For this exercise, return only the lines in the records below from the one holding "laptops-tablets/personal-laptops/student-laptops.html" through the one holding "b6e9636c275 Vintage Yves", including both, exactly as they appear and without pictures.

**Task data:**
*** Begin section ***

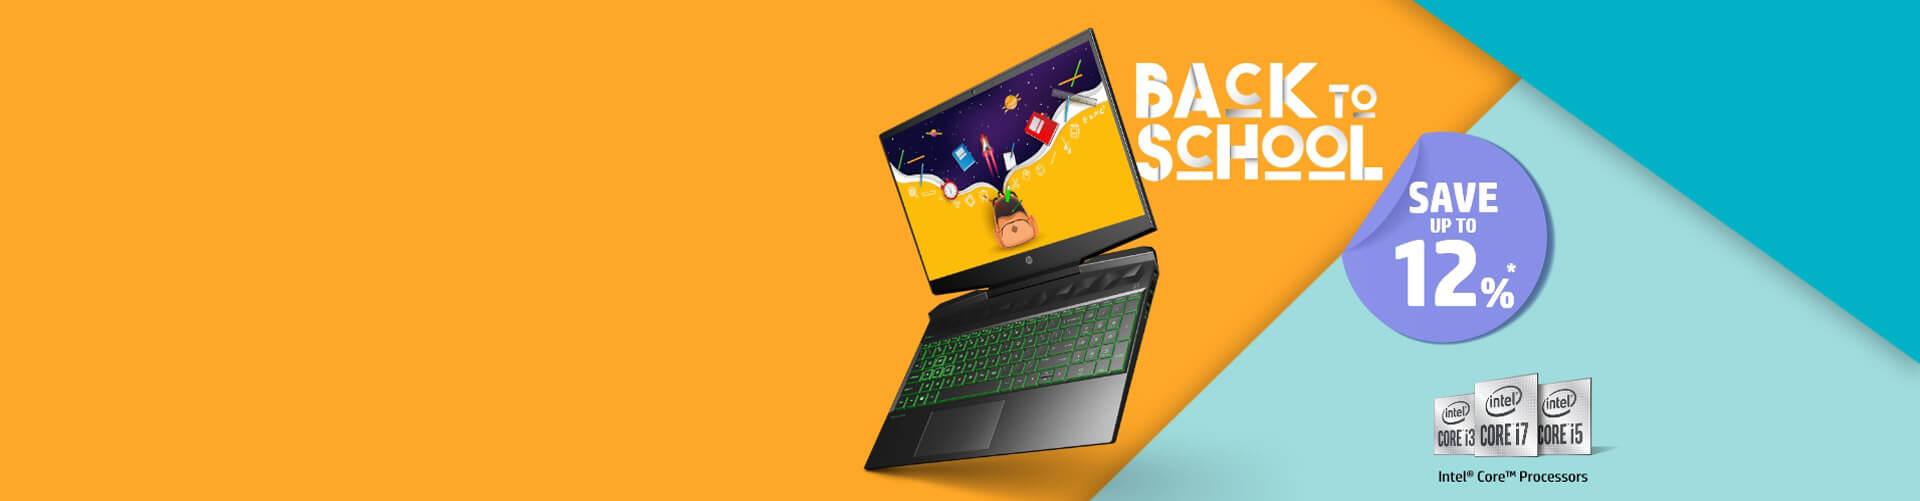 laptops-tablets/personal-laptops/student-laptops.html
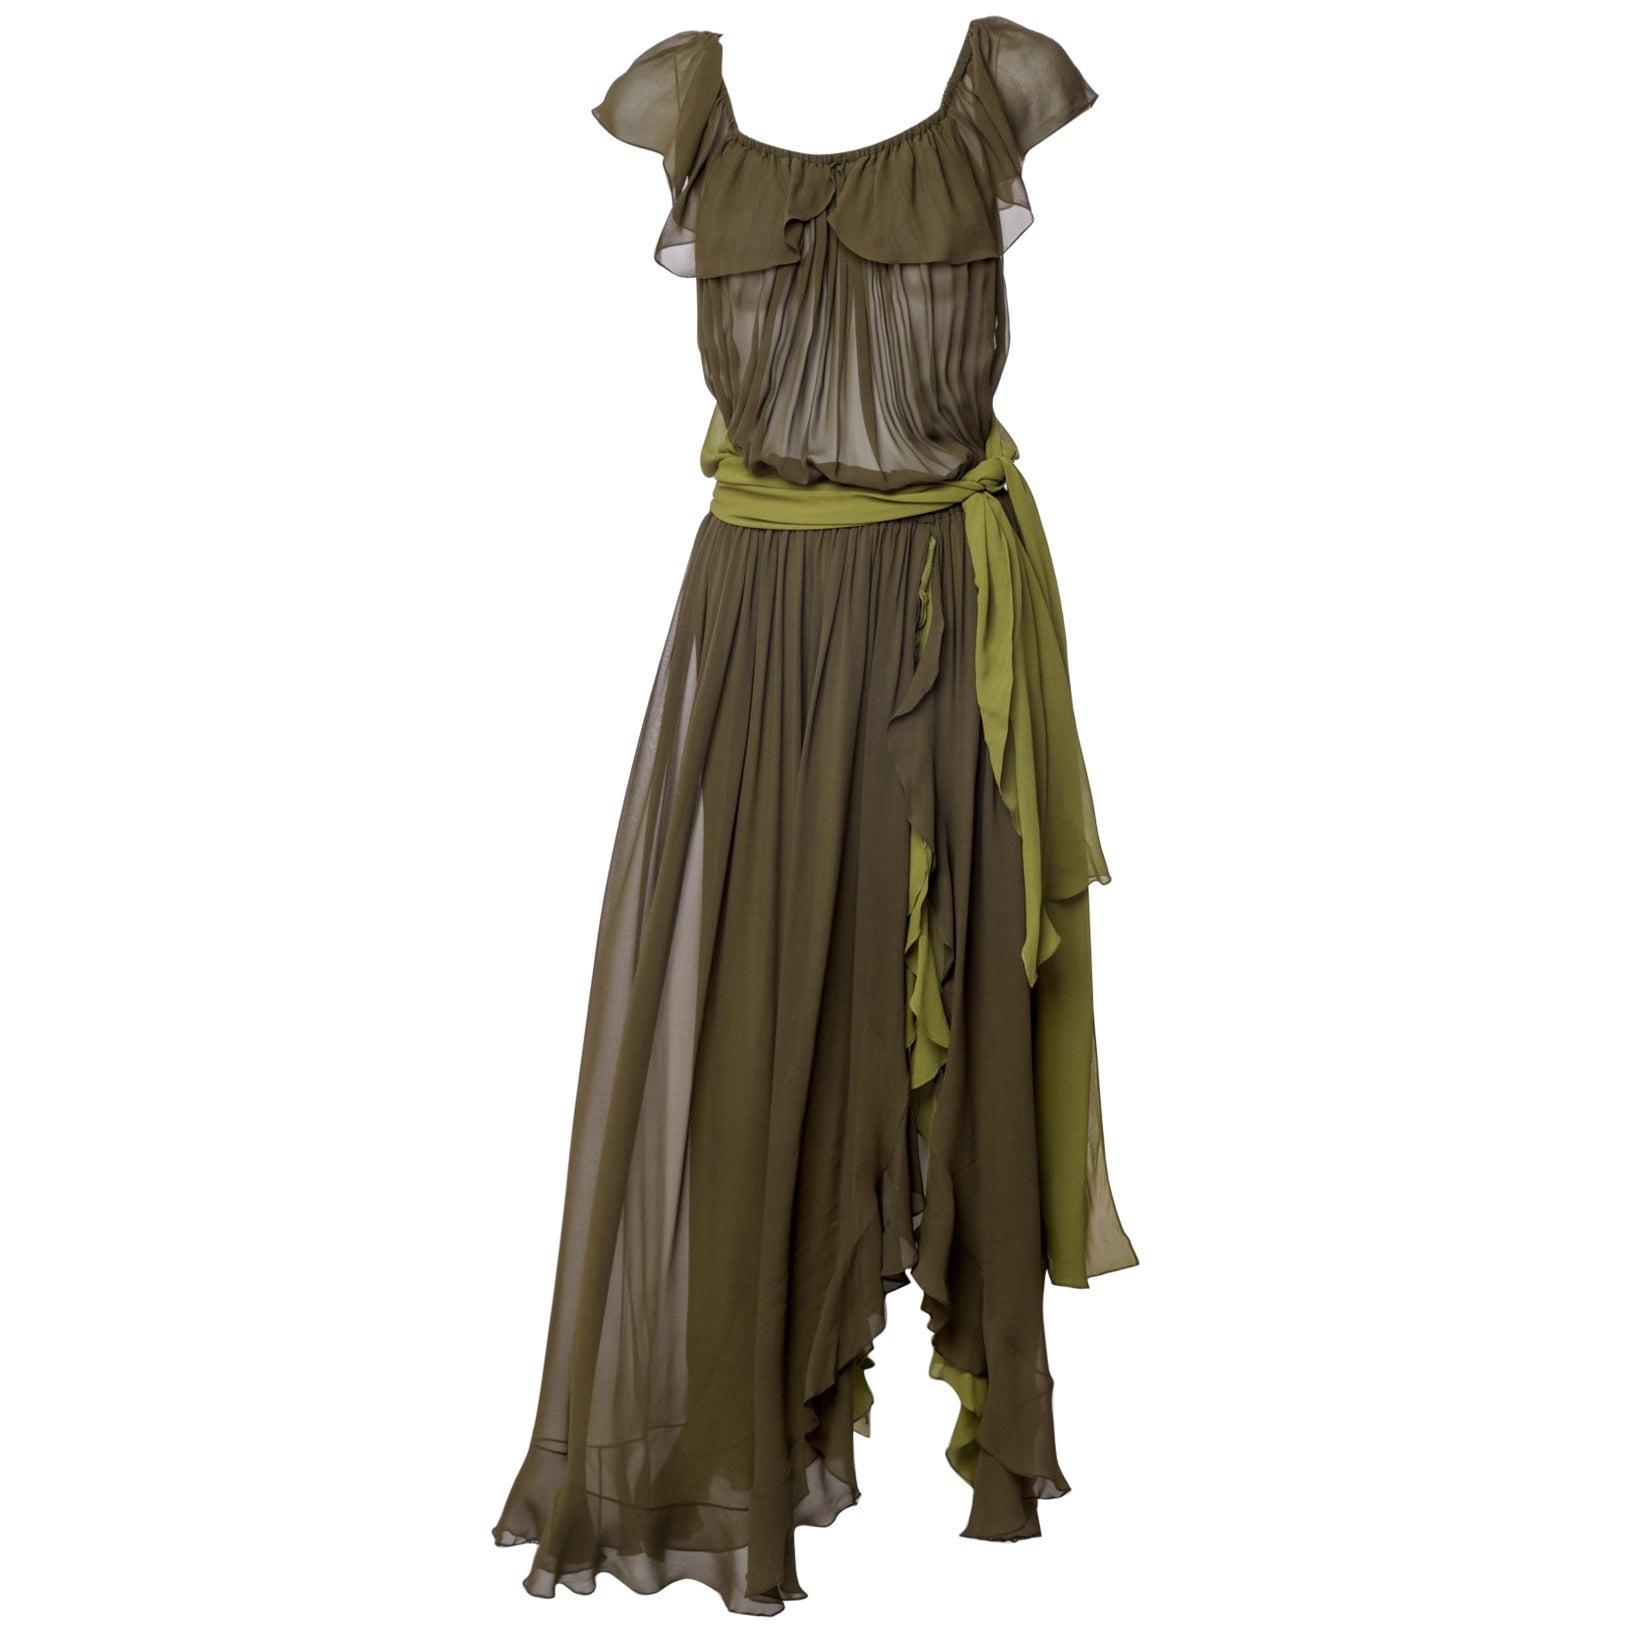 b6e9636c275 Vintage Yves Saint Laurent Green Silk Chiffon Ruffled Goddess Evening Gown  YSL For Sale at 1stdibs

*** End section ***
*** Begin section ***

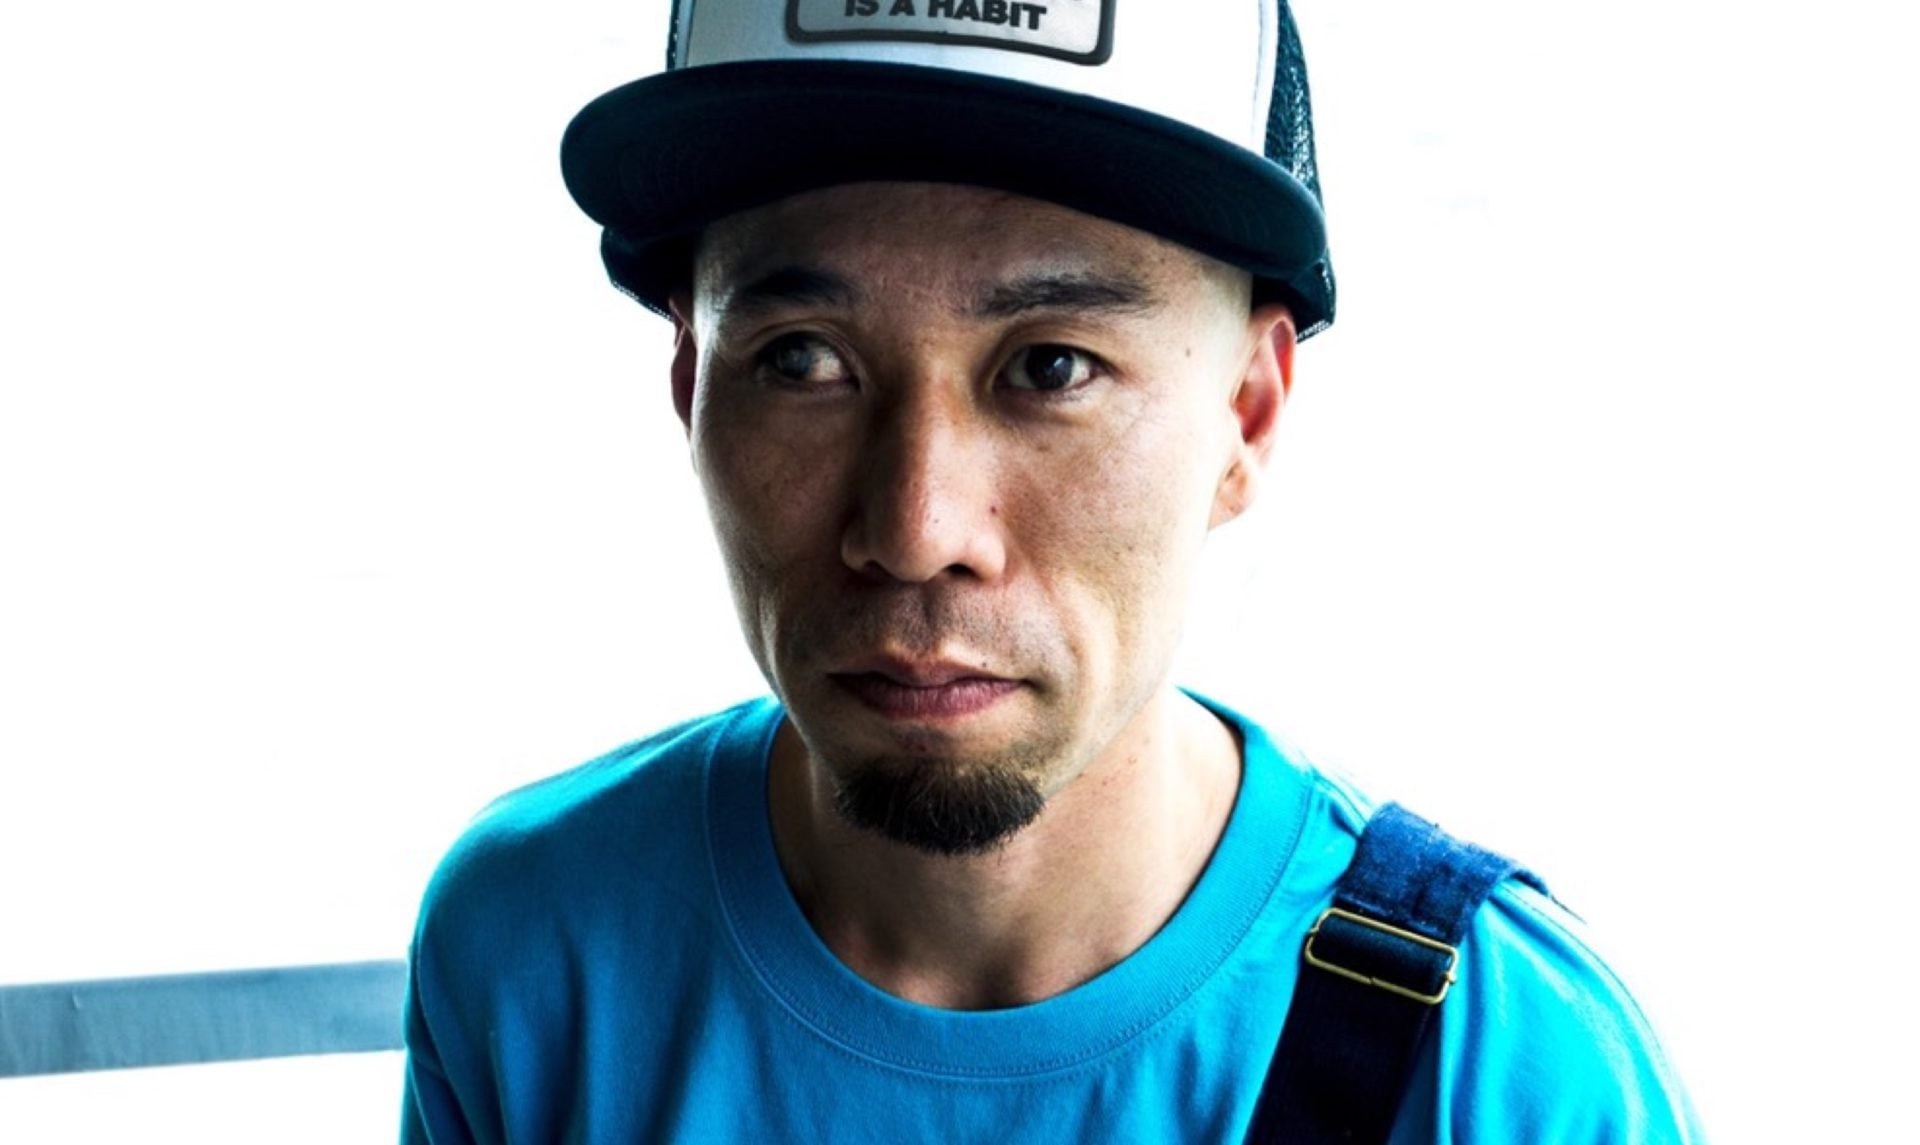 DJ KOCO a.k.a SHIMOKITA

*** End section ***

**Response for this exercise:**
 laptops-tablets/personal-laptops/student-laptops.html
 b6e9636c275 Vintage Yves Saint Laurent Green Silk Chiffon Ruffled Goddess Evening Gown  YSL For Sale at 1stdibs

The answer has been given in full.